Problem details:
Leave out all pictures. Return exactly the lines from the top of the material through the line containing "Rött vin - Barolo".

Data provided:
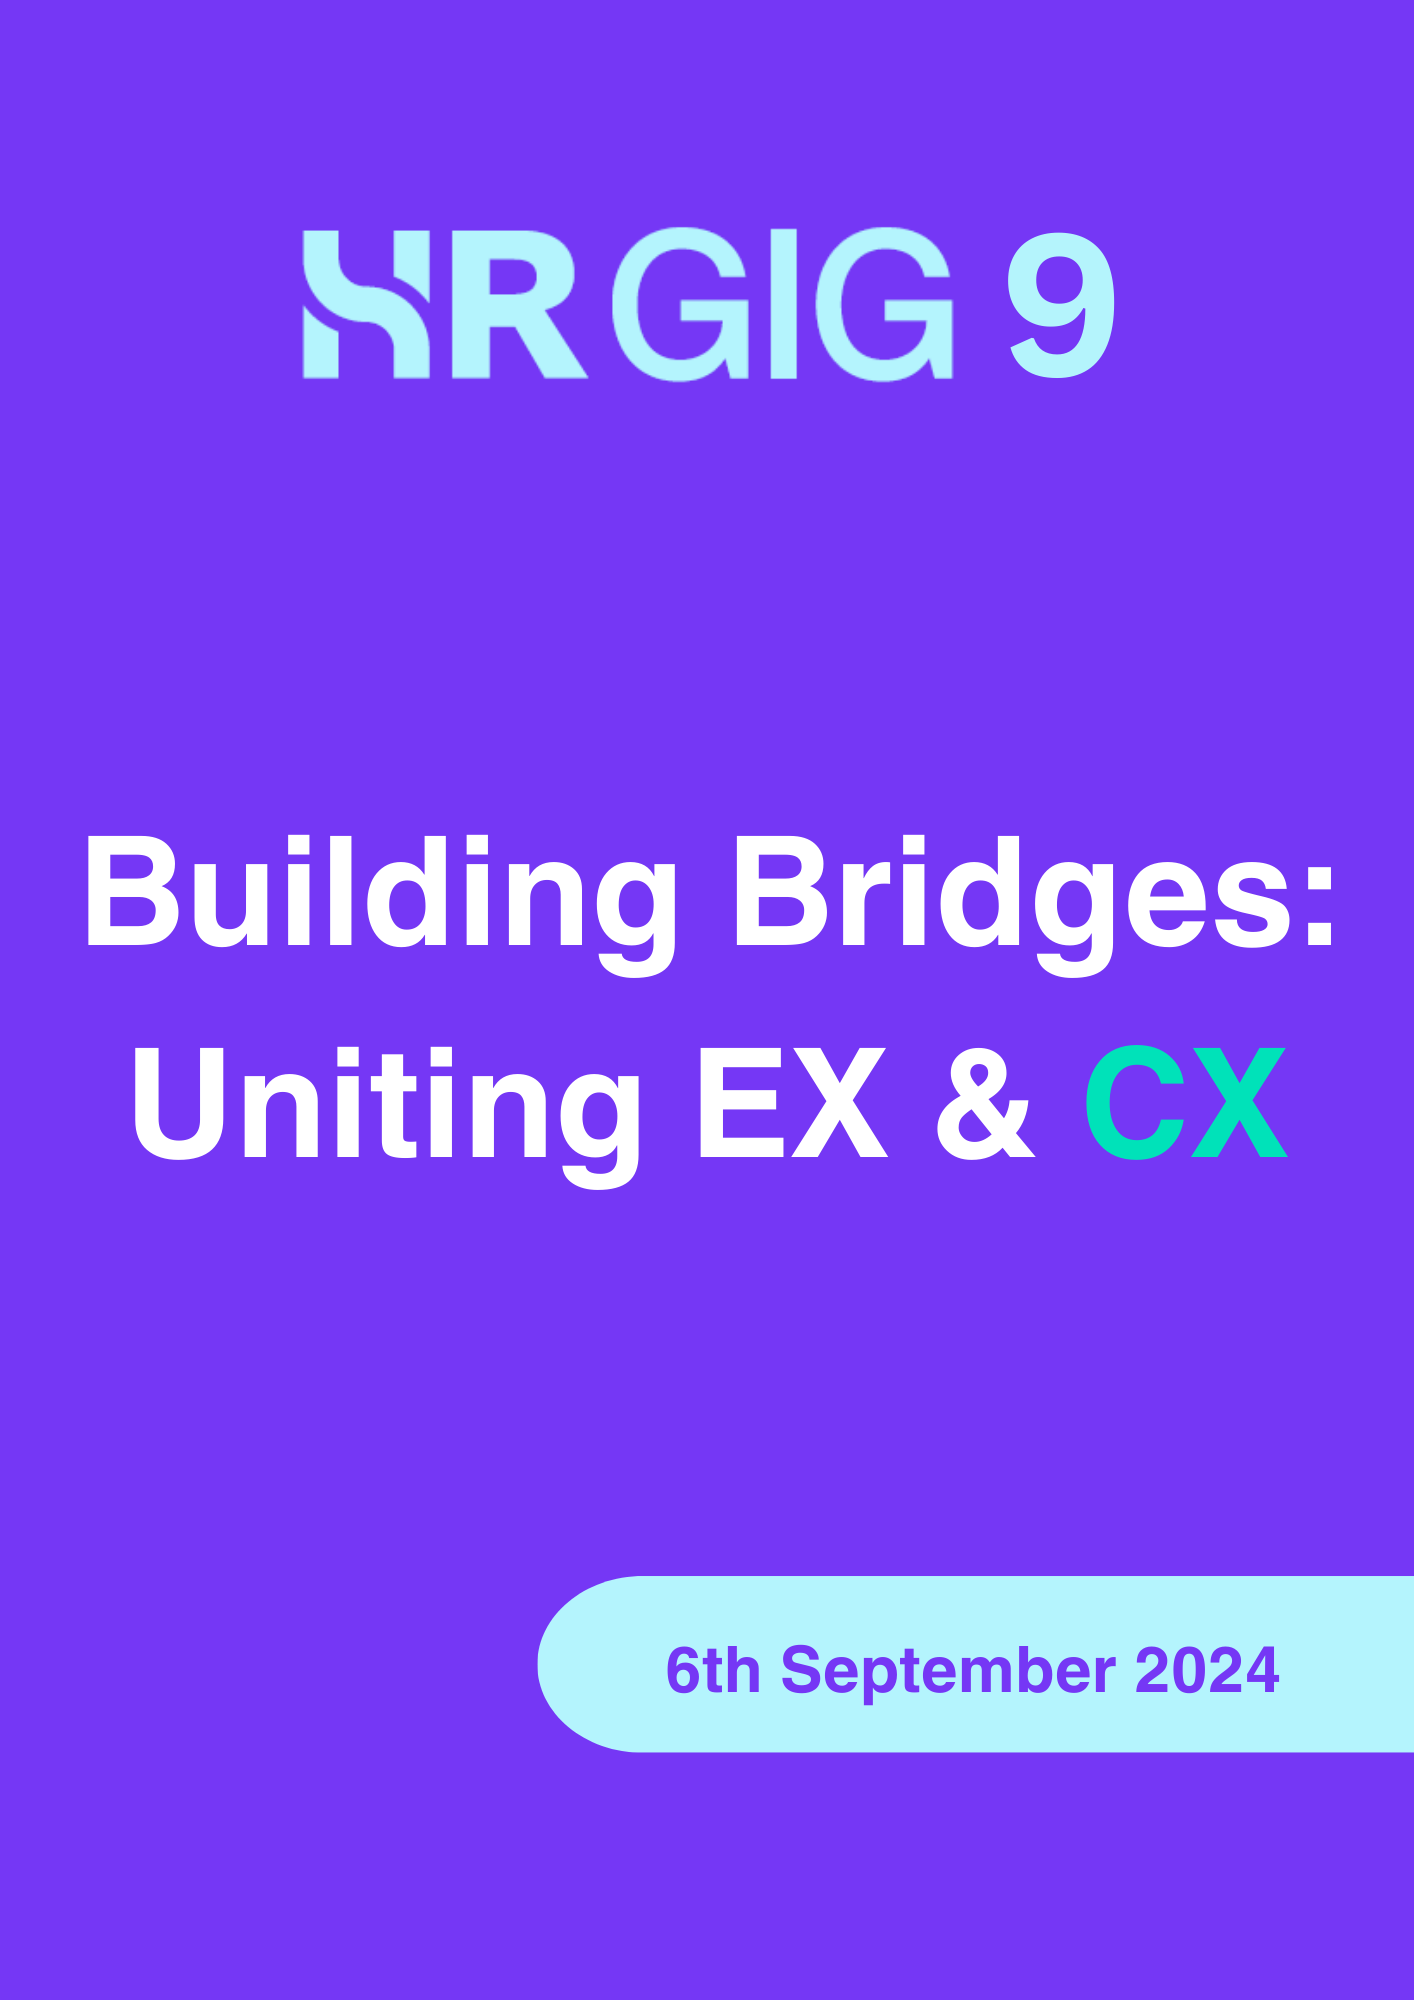 HR GIG9: Building Bridges Uniting EX & CX
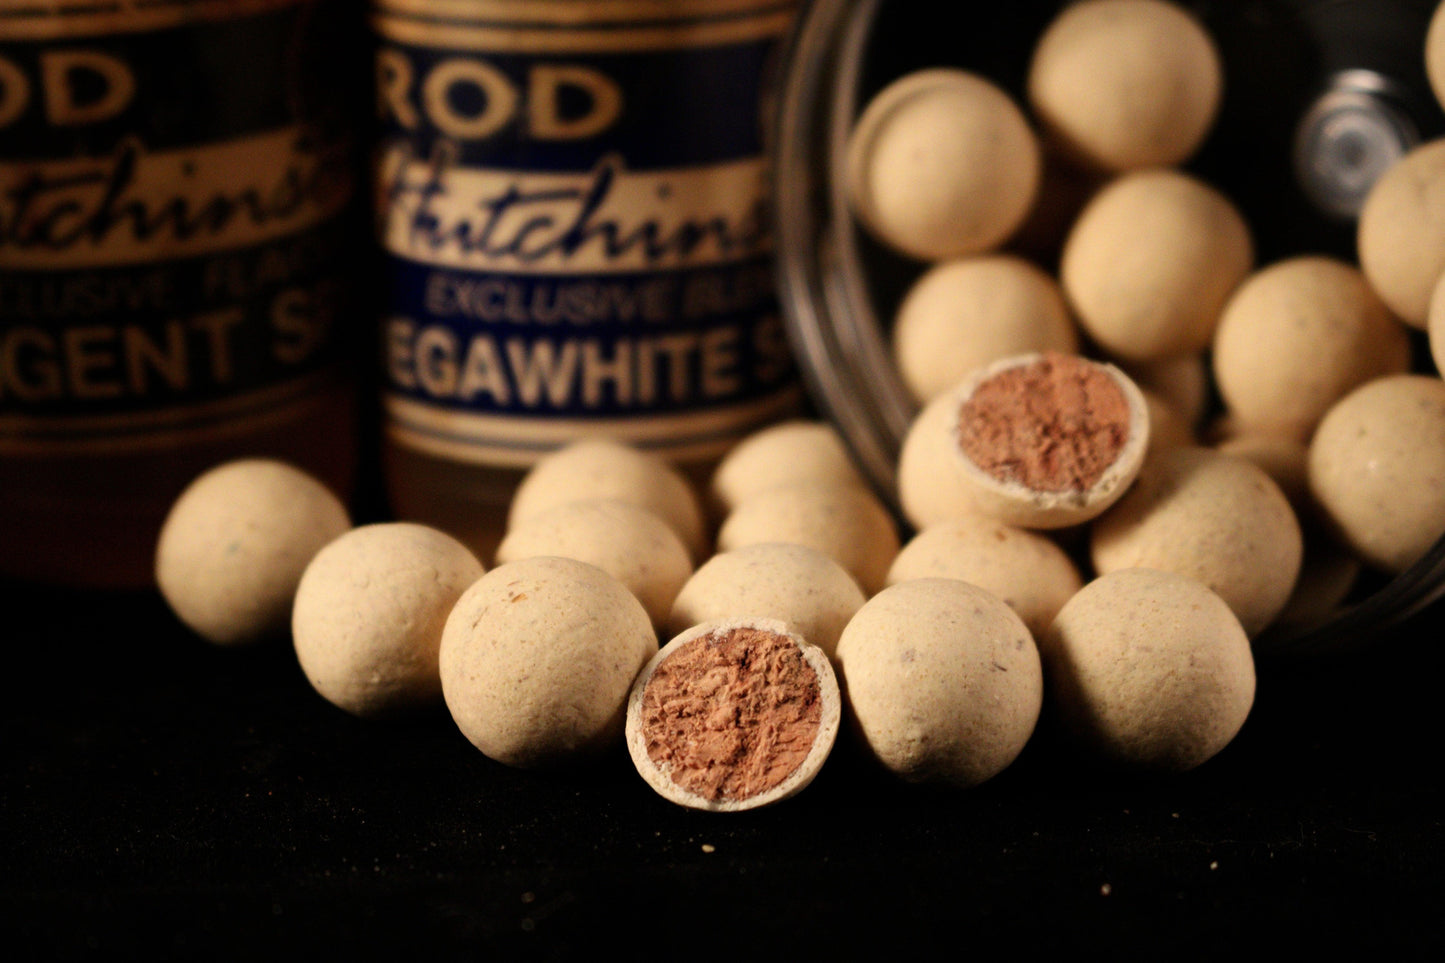 White Spice (Megawhite & Pungent Spice) corkballs - Forgotten Flavours
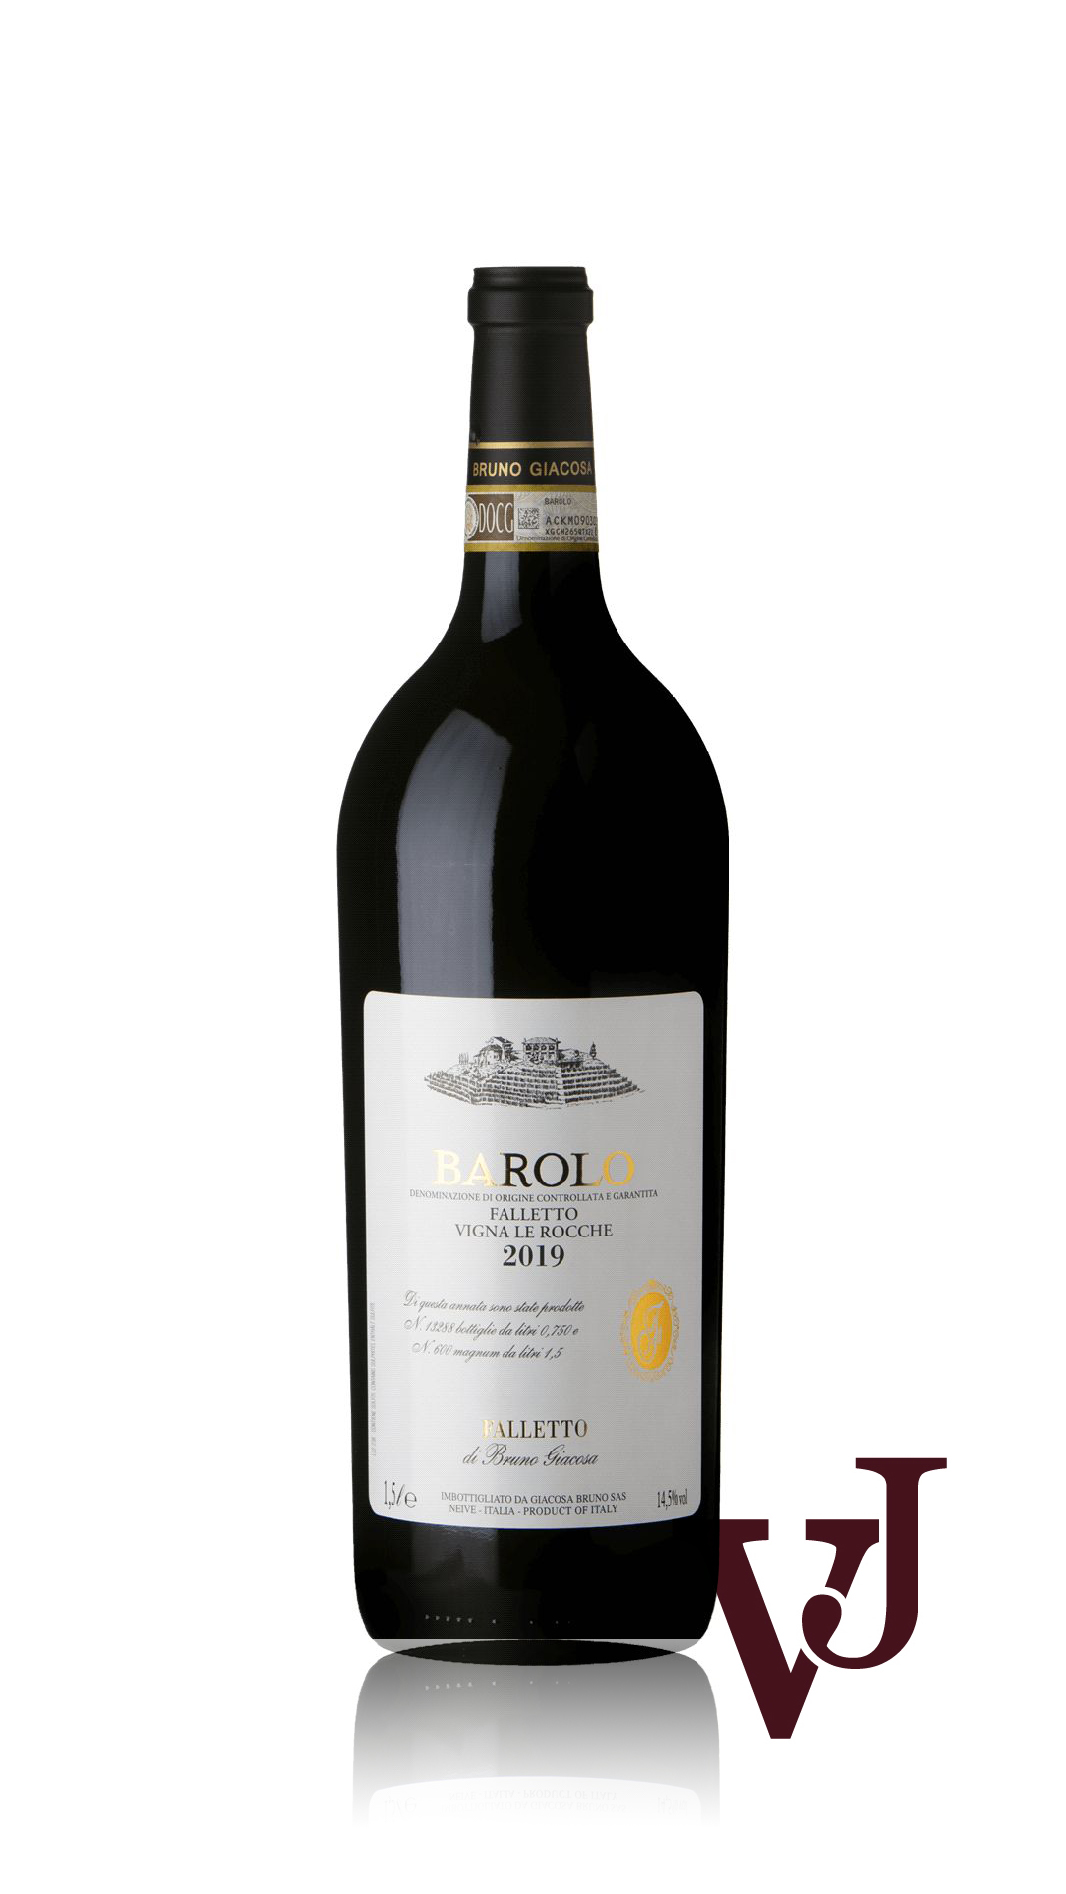 Rött vin - Barolo Falletto Vigna le Rocche 2019 artikel nummer 9131606 från producenten Azienda Agricola Falleto från Italien
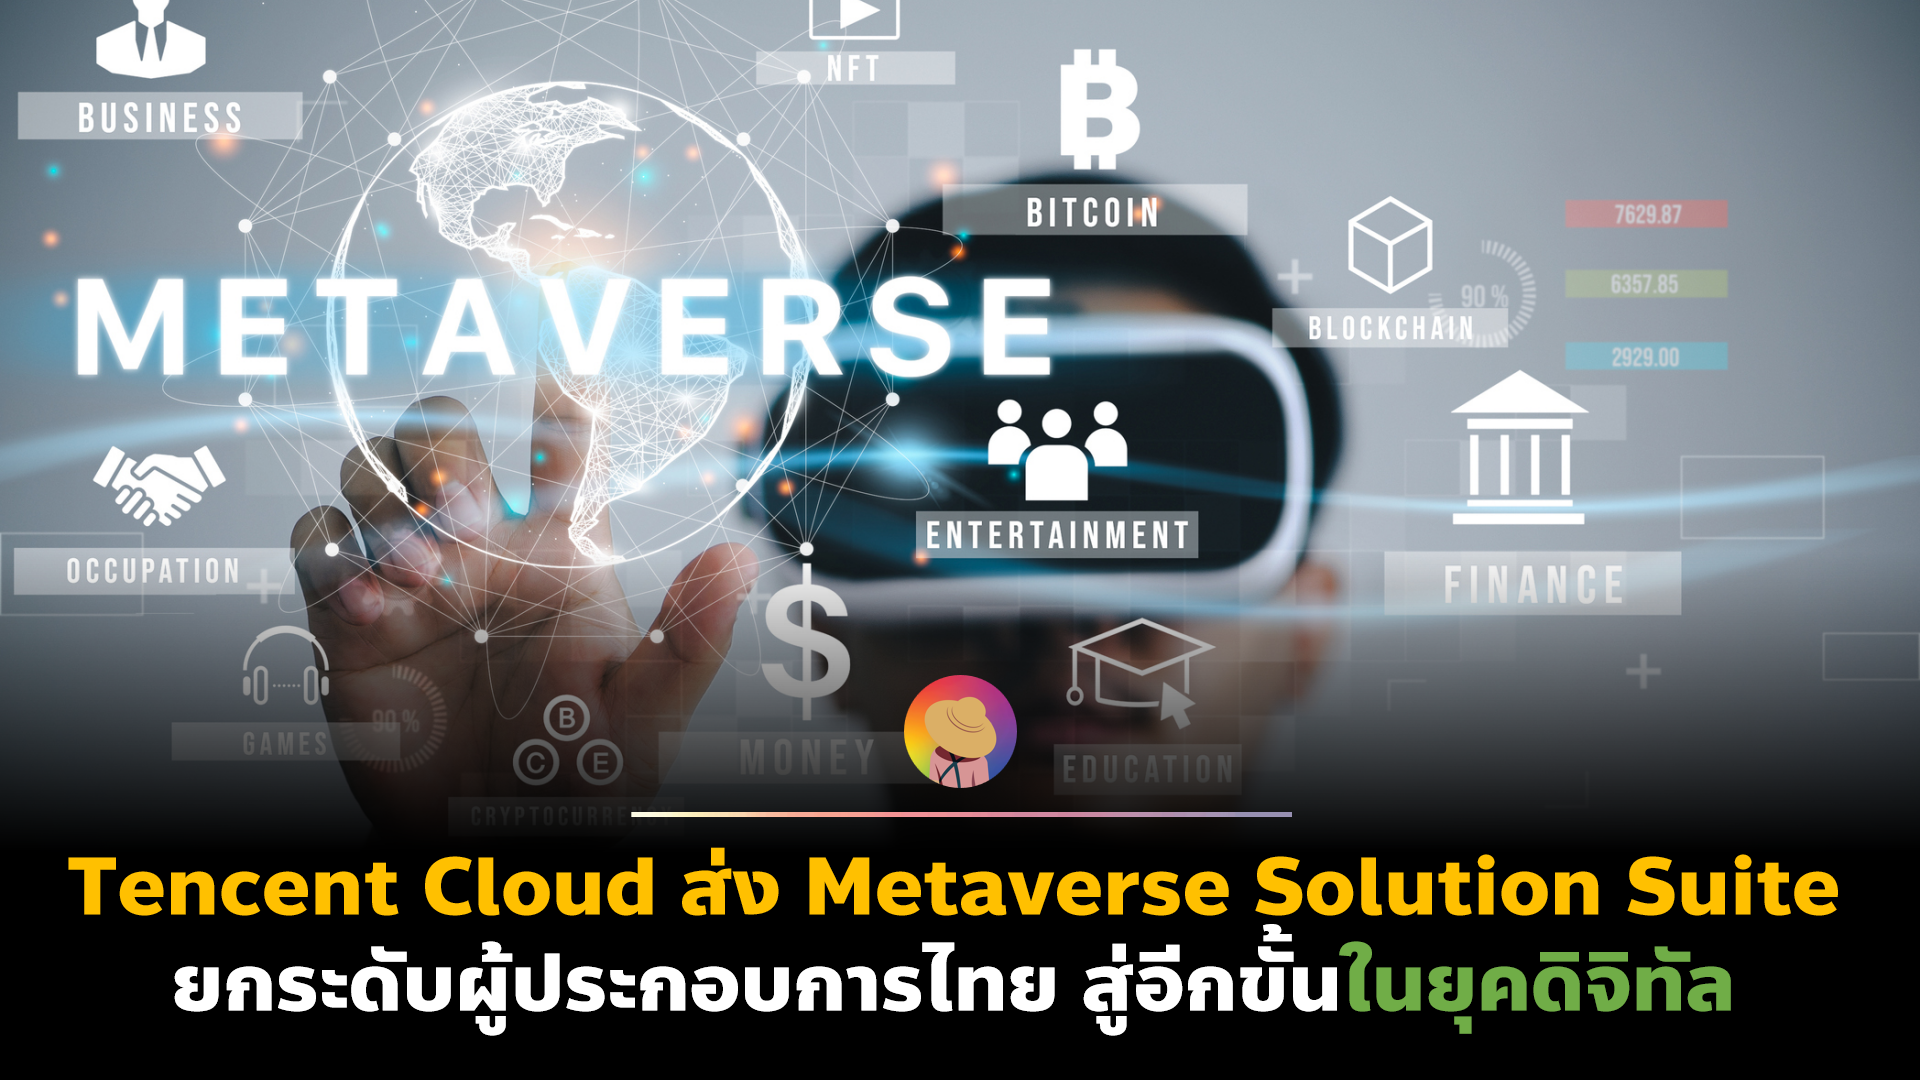 Tencent Cloud ส่ง Metaverse Solution Suite ยกระดับผู้ประกอบการไทย สู่อีกขั้นในยุคดิจิทัล

Your response:
 HR GIG9: Building Bridges Uniting EX & CX
 White Spice (Megawhite & Pungent Spice) corkballs - Forgotten Flavours
 Rött vin - Barolo Falletto Vigna le Rocche 2019 artikel nummer 9131606 från producenten Azienda Agricola Falleto från Italien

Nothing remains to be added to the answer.